Being outside, nature. Touching something real, earth, water, fur, trees, grass, flowers all of god’s codes. Returning to simple rhythms reminds me what actually matters.

You speak often about attention and care. What activities allow you to feel most present?

Listening. Whether it’s to a person, an animal, nature, music, inner voice or a place, listening anchors me. It slows everything down in the best way.

What draws you to animals and nature, and how do they shape the way you move through the world?

Animals don’t pretend. They don’t perform. Being around them teaches humility and responsibility. Nature reminds me that life doesn’t need to be managed, only respected.

Are there simple pleasures you protect fiercely — reading, walking, solitude — that feel essential rather than indulgent?

Yes. Solitude, especially. Not isolation ,s olitude. It’s where clarity returns.

After such an intense professional life, what draws you now toward quieter worlds?

Balance. After years of movement, schedules, and constant decision-making, there’s something deeply restorative about continuity, returning to the same places, the same rhythms. Sunlight, sea air, trees, the sound of birds , these are not escapes for me. They’re reminders of proportion.

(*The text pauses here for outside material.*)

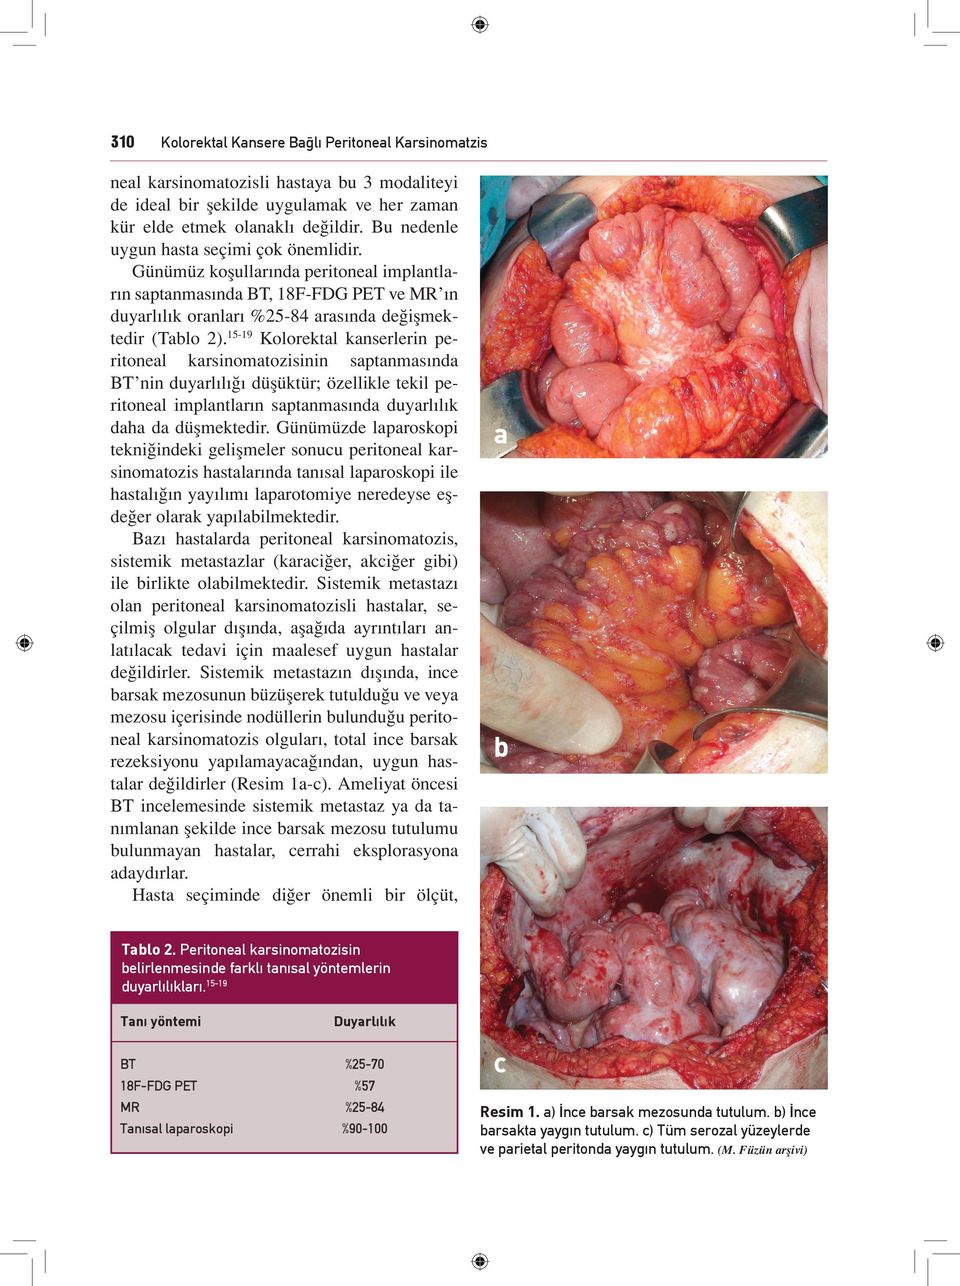 1519 Kolorektal kanserlerin peritoneal karsinomatozisinin saptanmasında BT nin duyarlılığı düşüktür; özellikle tekil peritoneal implantların saptanmasında duyarlılık daha da düşmektedir.

How do those environments influence your creative life?

They slow me down in the right way.
Nature has its own intelligence, it doesn’t rush, but it also doesn’t hesitate. Being around it recalibrates how I think, how I write, how I listen.

Your work often feels attentive rather than urgent. Is that intentional?

Yes. Attention changes the quality of what you make. When you’re no longer reacting, you begin to notice subtleties, tone, texture, silence. That’s where meaning usually lives.

You’re often associated with literature and storytelling, but people are rarely just one thing. What are a few things people might not realize you’re particularly good at, and what occupies your curiosity beyond the work?

I have a long-standing relationship with observation.

I love vintage cinema, especially black-and-white films, and I’m deeply interested in history and philosophy. Those worlds train the eye and the mind in patience, which influences everything else I do.

Photography has always been part of my life, particularly black-and-white photography. I take many photographs that never carry my name, some of them far more visible than people realize. I’ve never felt the need to claim them publicly. The act of seeing has always mattered more to me than attribution.

Design, fashion, and visual composition are also second languages for me. I think in images as much as I do in words, and creativity tends to move fluidly between those forms.

I’ve learned that some of the most meaningful work happens quietly, when it’s allowed to exist without explanation.